Hi,
After having tried to thrash out what exactly is the kernel
interface for telldir/seekdir w.r.t. the existence of negative offsets
with the glibc people, I've finally found a way to work within the
current scheme.
The problem at hand is that we currently would like to support the
existence of directory cookies that take unsigned 32-bit values in
NFSv2, unsigned 64-bit values in NFSv3.
Given that most NFSv3 servers can/do use 32-bit cookies for
compatibility with 32-bit systems, we would like to be able to pass
this type of cookie back up to userland for use by the 32-bit
interface.
However the interface chosen both in glibc and partly in the kernel
itself assumes all cookies are 32-bit signed values. Thus you have to
find a way to cope with the kernel and glibc sign extending (almost)
all cookies which have bit 31 set.
The following patch therefore does 3 things:
- Patch linux/fs/readdir.c so that file->f_pos is copied into the
dirent64 structure with sign extension. This is for consistency
with the behaviour of filldir64.
- Patch NFSv2 xdr routines so that 32-bit cookies get extended to
take 64-bit signed values (as opposed to unsigned values) for
consistency with the fact that (l|)off_t are both signed.
- Patch NFSv3 xdr routines with a hack that mimics sign extension
on those cookies which are truly 32-bit unsigned.
To do this we use the transformation
(cookie & 0x80000000) ? cookie ^ 0xFFFFFFFF00000000 : cookie;
Note that this a transformation has no effect on true 64-bit
cookies because it is reversible.
- Make a special version of 'lseek()' for NFS directories that
returns 0 if the offset used was negative (rather than returning
the offset itself).
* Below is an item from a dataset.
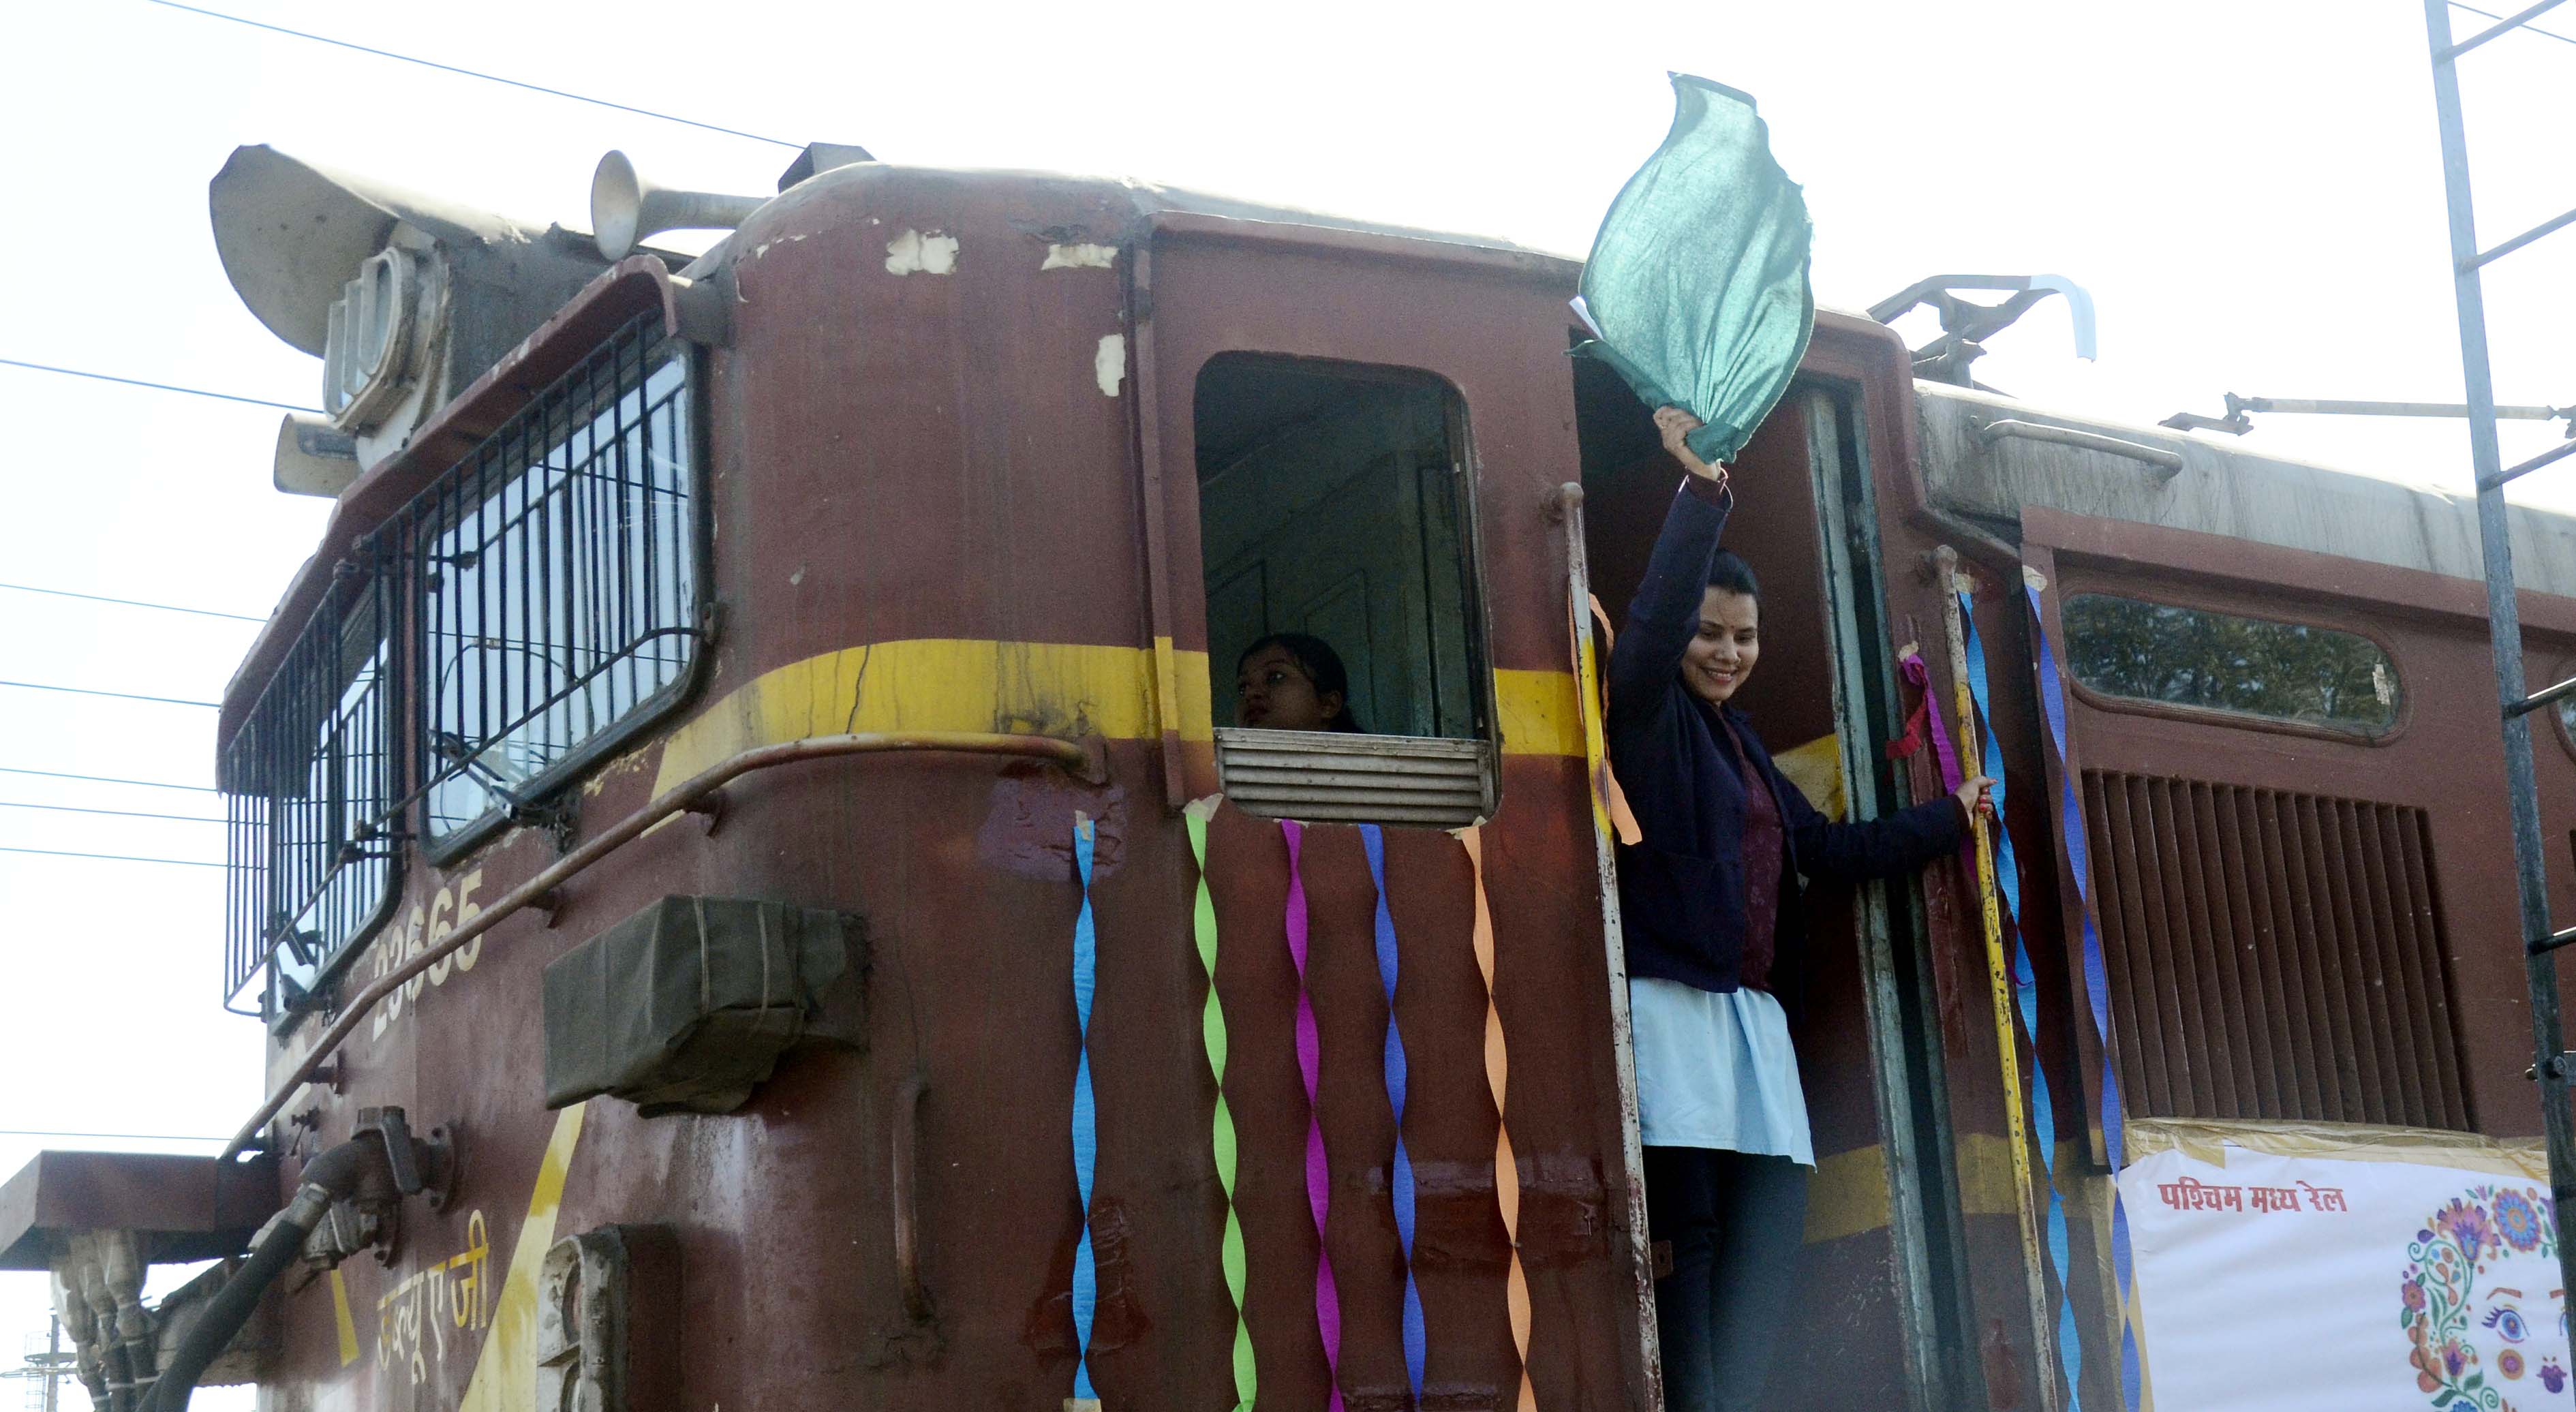 Women loco pilot operated special Pink freight train at Habibganj

This avoids userland misinterpreting the
return value as an error.
The above fixes should ensure that all cookies taking values between 0
and (2^32-1) on the NFS server are preserved through the 32-bit VFS
interface, and are accepted by glibc as valid entries. It should also
work fine with existing 64-bit architectures.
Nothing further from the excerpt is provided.